На второй день вышли к поврежденному транспорту. Американцы приветствовали союзников дружным ревом. Наскоро обсудили дальнейший маршрут и, не теряя времени, продолжили путь. «Алмаз» бежал резво, но поврежденный транспорт тормозил ход. Как нарочно, ясная погода делала корабли легко уязвимой добычей как со стороны авиации, так и со стороны подводных лодок. Но если немецкие самолеты можно увидеть издалека, то обеспечить подводную безопасность было сложнее.

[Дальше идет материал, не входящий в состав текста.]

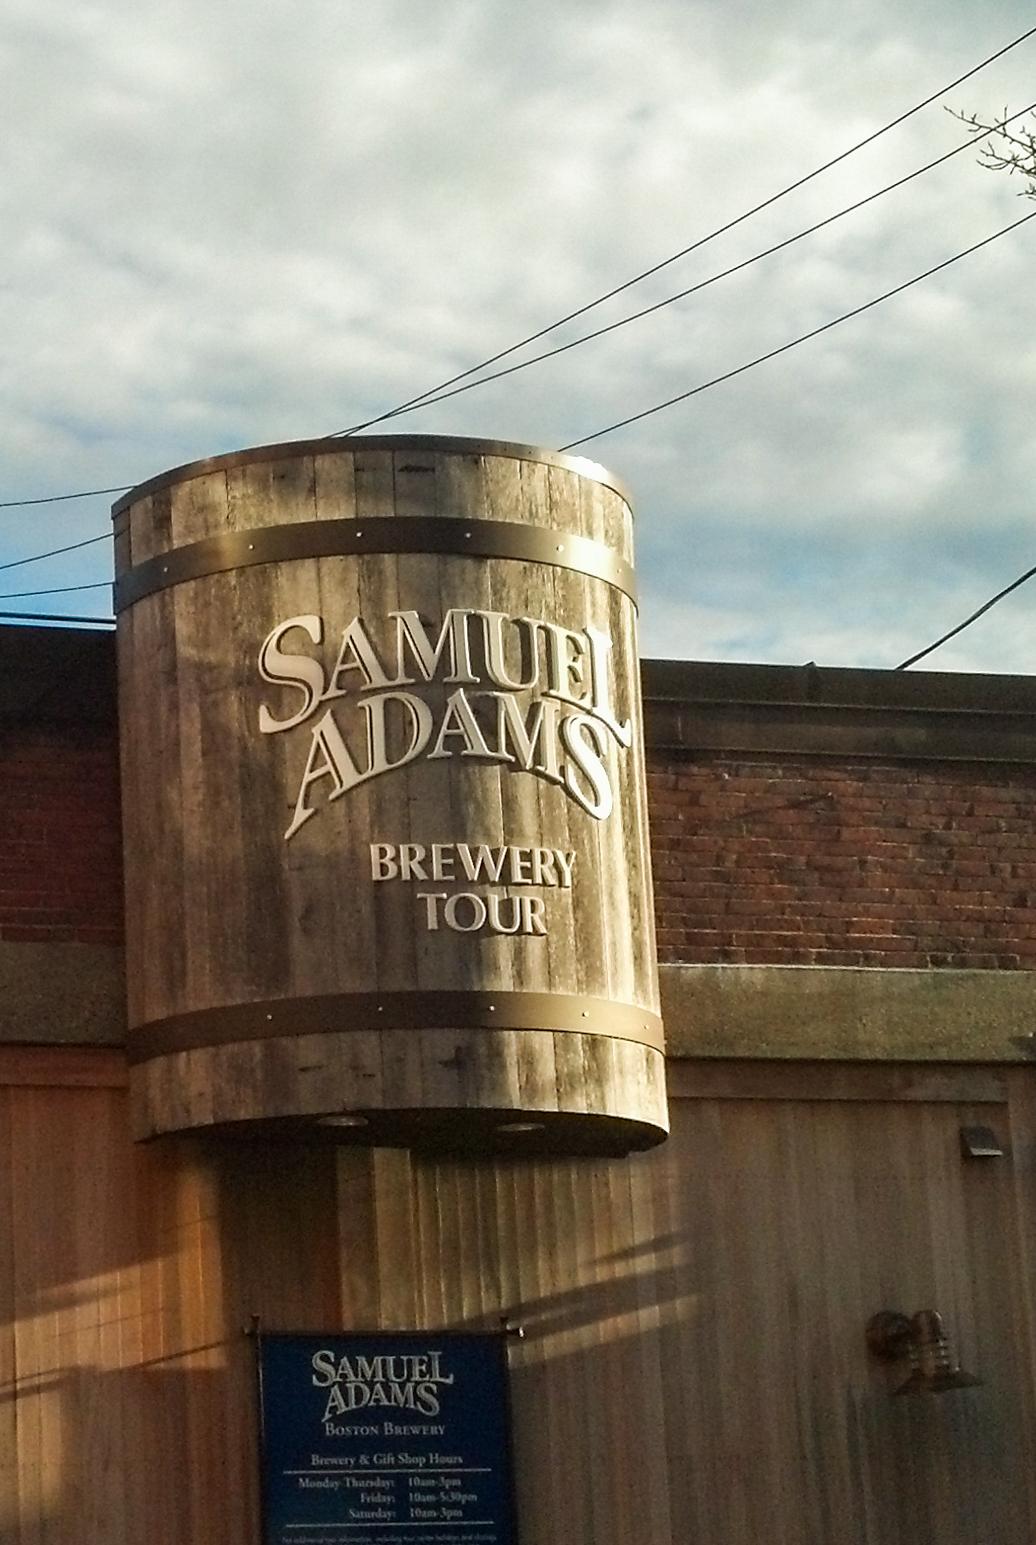 sam-adams-brewery-tour-exterior
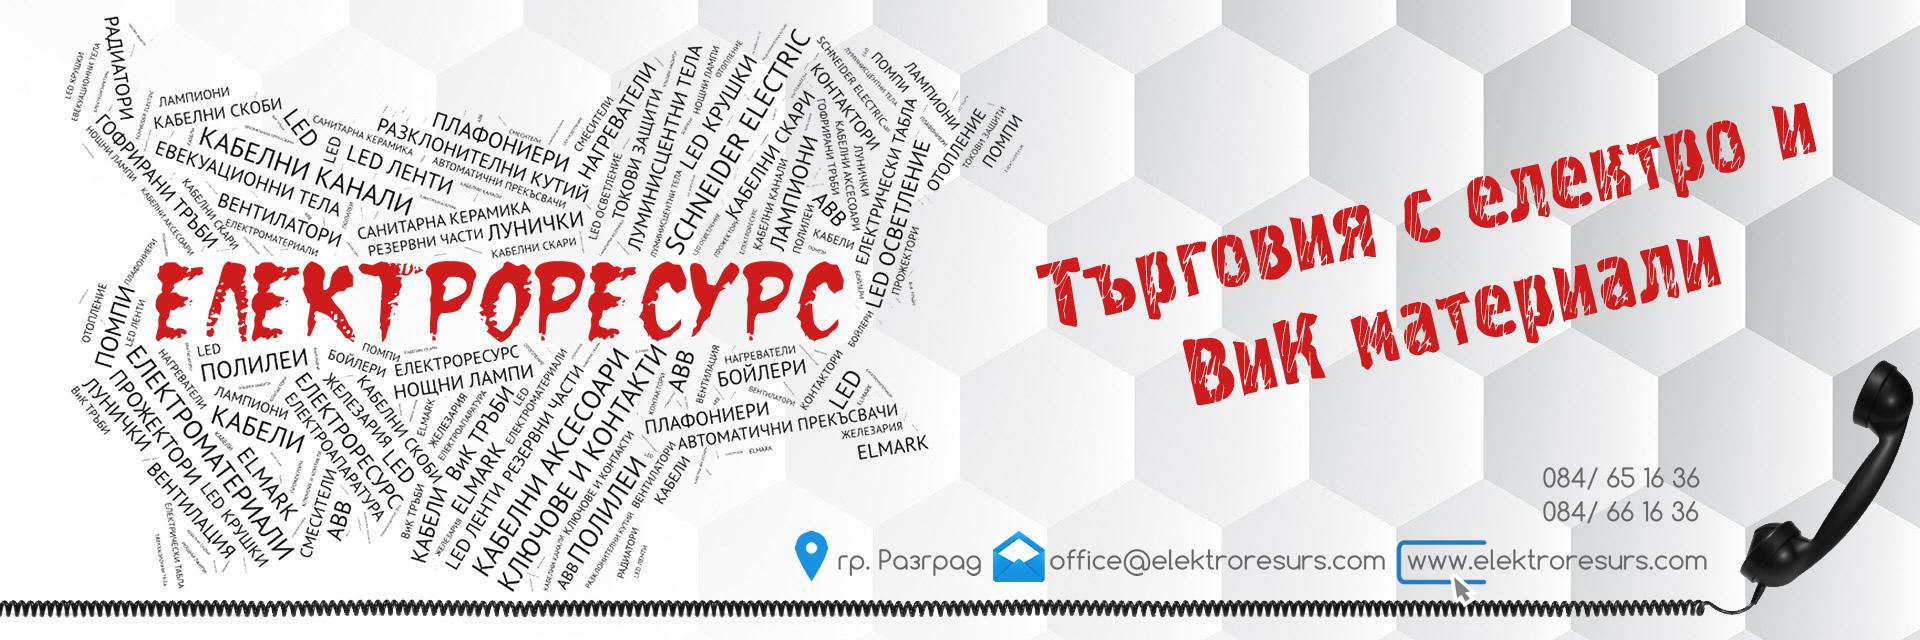 title_614af46e3441a15015145851632302190

Пути небольшого конвоя (транспорт и тральщик) и немецкой подводной лодки У-174 скрестились ясным солнечным днем, и капитан подлодки, двадцатичетырехлетний капитан-лейтенант, худой, с рыжей бородкой, сразу принял решение:
– Атакуем. Транспорт хромает, а сопровождение — хлам. На русском тральщике, наверное, бабы в валенках у орудий стоят.
Шутка насчет русских баб окружающим понравилась. Все дружно рассмеялись. Команда пришла в движение, каждый занял положенное ему место. Лодка, словно хищная рыба, подбиралась к своей жертве.
Это была первая цель за время недавно начавшегося плавания. Есть примета — как начнется охота, так она и кончится. Поэтому упускать транспорт было нельзя. Больше всего капитана беспокоило возможное появление самолетов — самого опасного врага подводных лодок, особенно в хорошую погоду. А за последнее время авиации у русских стало больше, и эта посудина тоже везет новые американские истребители.
Оба корабля шли противолодочным зигзагом, если можно назвать повороты то в одну, то в другую сторону на скорости шесть узлов. Капитан подлодки уже приготовился дать команду «залп», когда транспорт резко принял влево и сменил удобную для стрельбы позицию, развернувшись к лодке кормой. В то же время стал приближаться русский тральщик, от которого следовало держаться подальше.
Его можно назвать хламом, старьем, но глубинные бомбы имеются на тральщике в достатке. Кружение продолжалось не менее часа, корабли вели опытные капитаны, умевшие уклоняться от подводных атак. Наконец лодка заняла удобную позицию, и три толчка сотрясли корпус субмарины.
Все напряженно считали секунды. Есть! Одна торпеда попала в цель. Огромный язык пламени и дыма поднялся над носовой частью транспорта. Что там сейчас творится? Обреченные люди мечутся по палубам, кочегары торопятся выбраться наверх, чтобы не оказаться в ловушке, капитан судна собирает документы.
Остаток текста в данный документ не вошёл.